Bless him. His handwriting was still this terrible.

(i wonder how much paper you've wasted crossing out your name)

Her thumb brushed over the paper's fold, touching the scraggly letters of his birth name. He could slather it with ten bottles of white-out if he wanted, but it would still drip behind him like the slime of a snail when he walked into the room. Into the world. Into the masquerade ball of adulthood. Maybe it was better to carve out one's own little place in some parallel universe after all. One where sob-stories end with "My Happily Ever After."

(...somewhere far, far away)

She gazed at the front cover of the man who'd been born a phoenix, and, with a little resignation, held the book out to the pauper without looking him in the eye. He accepted it hesitantly, rocking on the balls of his feet, and batted away unshed tears with the heel of his palm. He tried to focus on reviving his saga by removing his focus on her―

"'Herbert' means illustrious warrior."

Eyes blinking, he stared back at her with the shocked, desperate stare of a person who wanted to hear something a second, third, and fourth time.

"Papa..." She paused. Stationing her voice. Looking down at her restless phalanges. "Papa said 'Herbert' means illustrious warrior." Her words grew timider. Quieter. Ebbing away. "And Eugene―"

"And Eugene?"

She gave him a pointed look, before recovering from his brazen earnestness. "...And 'Eugene' means ...noble.'"

The tension in his forehead started to unwind. The light danced in his eyes as he looked to his fingers, playing and twiddling with the thumbs, trying to twitch out the bashfulness hitching up the corner of his mouth. As he held his tongue to his tooth, he was only capable of a contemplative, "Noble, huh...?" There was the blossoming of a sad, lopsided smile, but it was still a smile.

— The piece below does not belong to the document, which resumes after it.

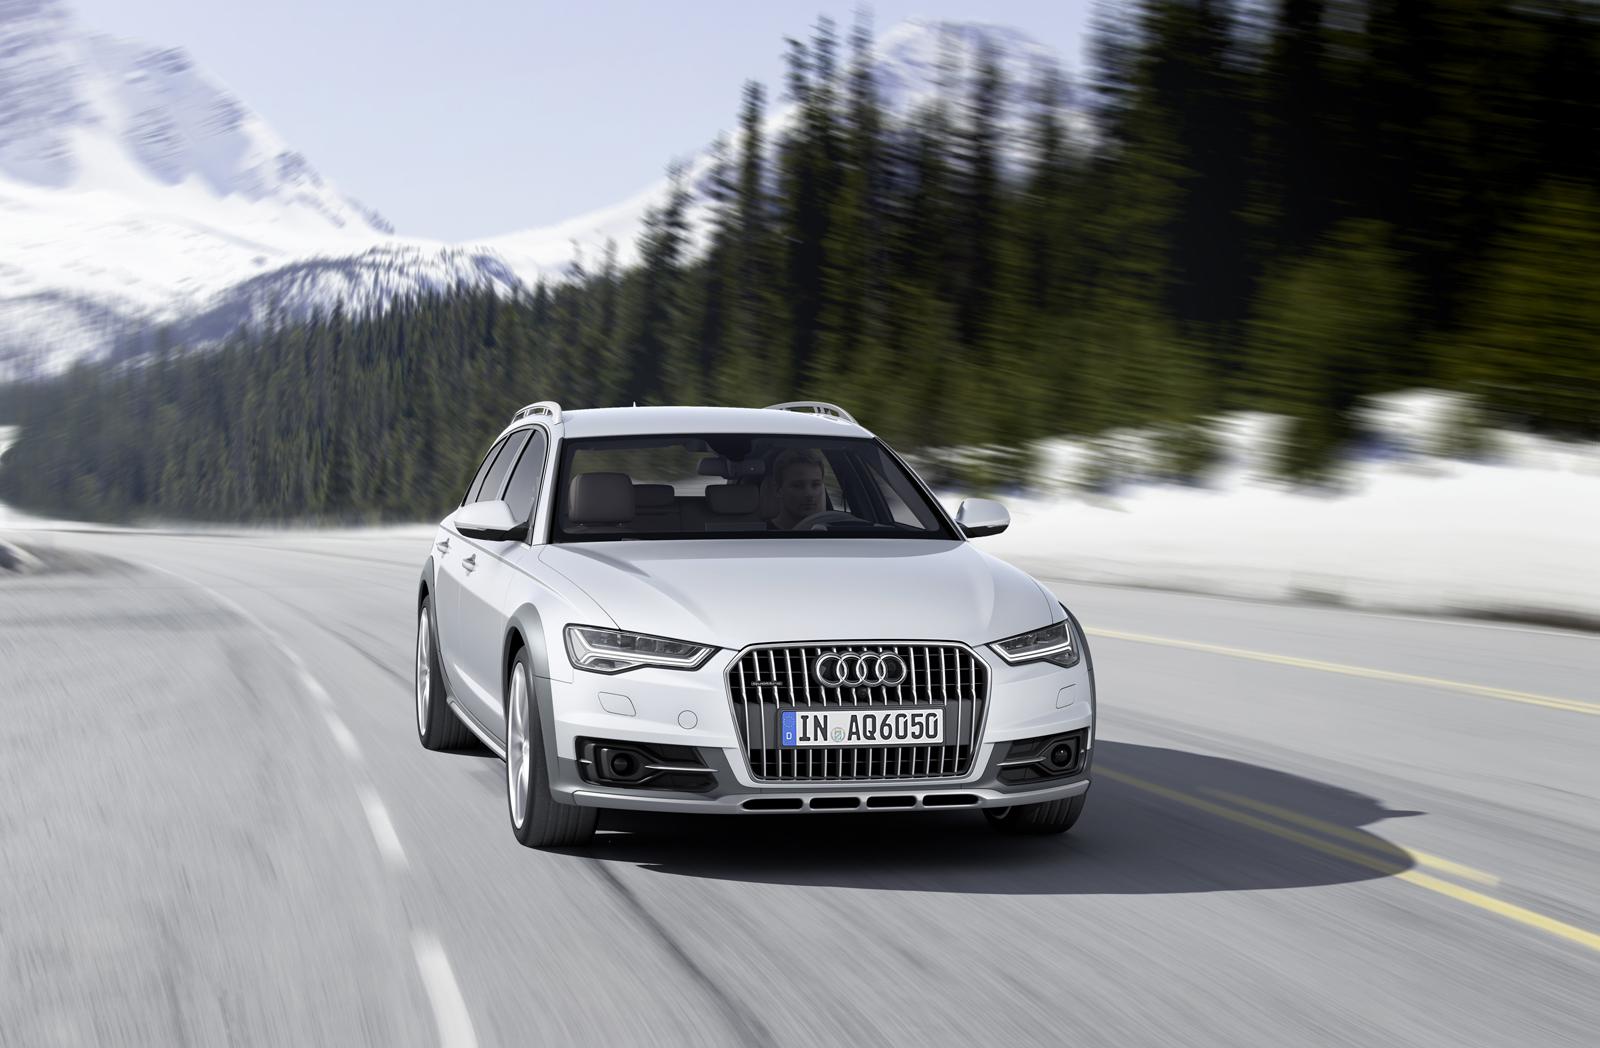 2016 Audi A6 allroad для США

She trailed her wet eyes along the floor before returning them to him.

The child lowered himself onto the grass with an exhausted little plop. A tired "Ah!" sighed out of him before he crossed his legs and dried the book cover with the end of his shirt. "Then what does 'Elsa' mean?"

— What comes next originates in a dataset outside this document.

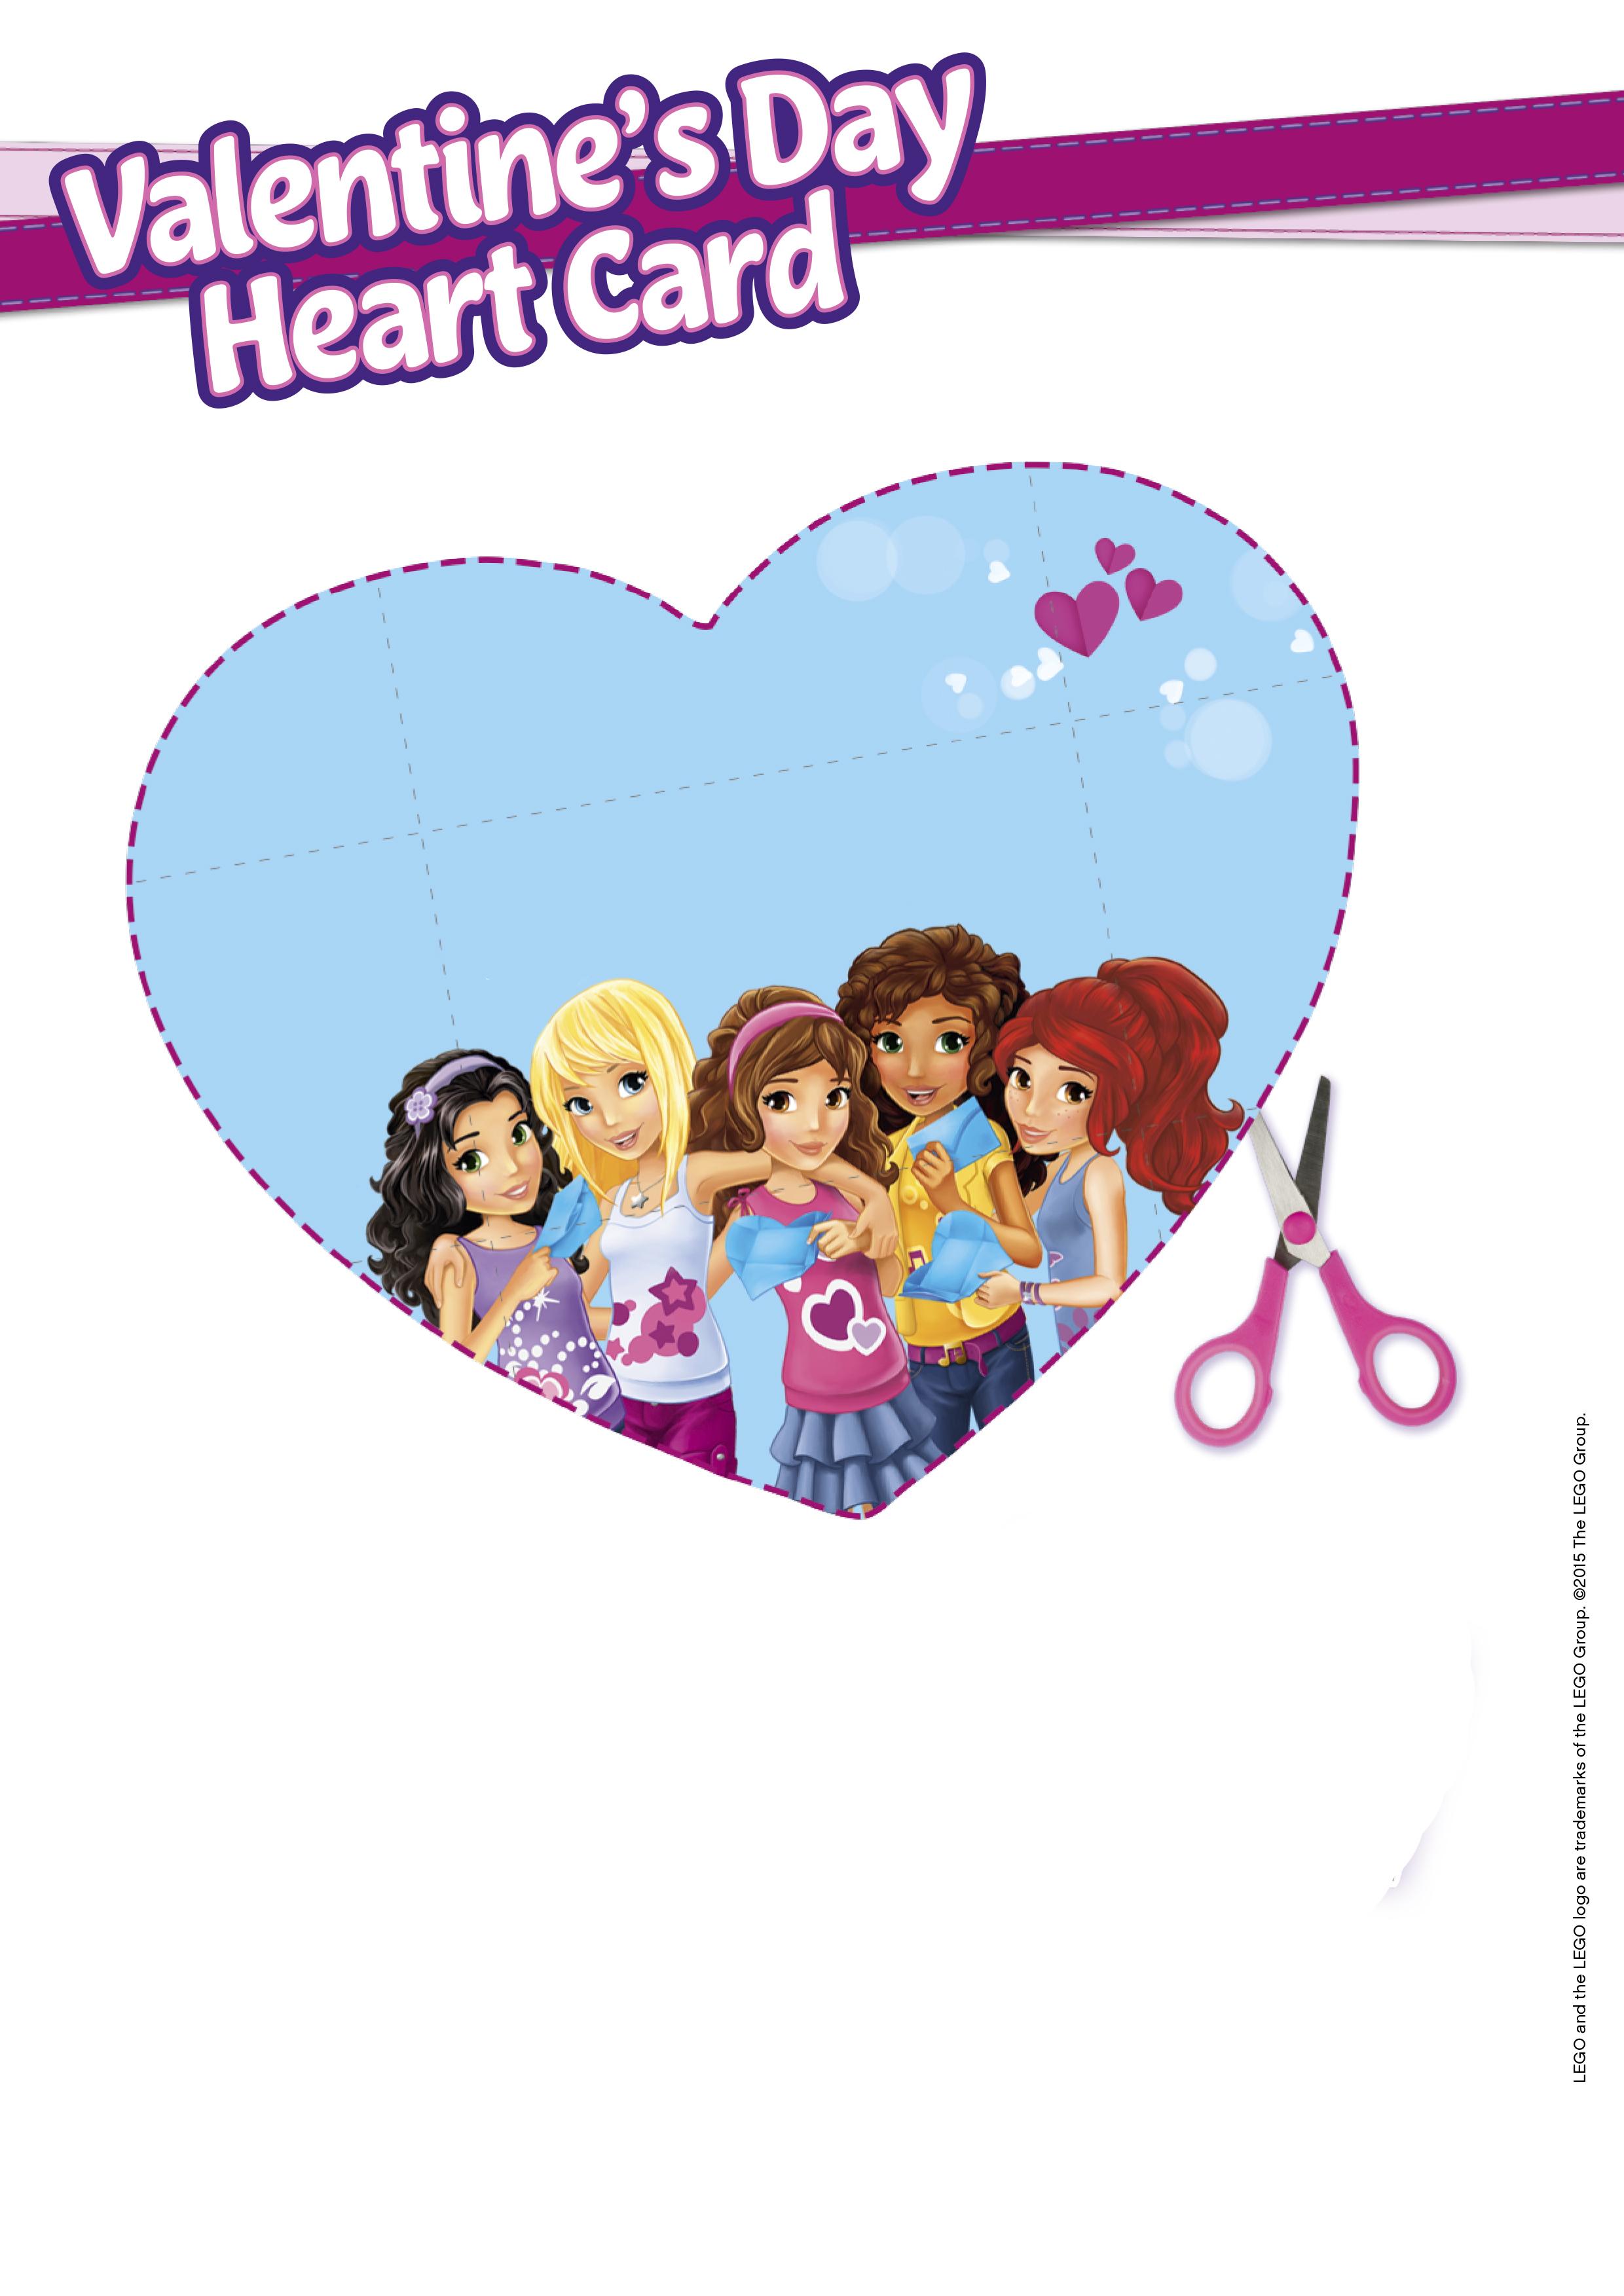 Картинки лего френдс для девочек - fab

Her voice was guardedly soft-spoken, but she answered with a childlike openness, "Noble."

The look on his face after she said that ignited the boyish foolishness in him.

She almost retracted the statement with a self-conscious, "Papa said," but he already began scoffing.

The boy ducked a half-sigh, half-snort behind his wrist—disguising a moment of laughter—and faced her again with laughing eyes. "If this is the foreshadowing of a comedy, then I have to give kudos to the playwright."

...She smiled, shaking her head and laughing with her shoulders instead of her mouth, before looking down at her gloves. Only smiling, as it were, at the utter ridiculousness of his smile.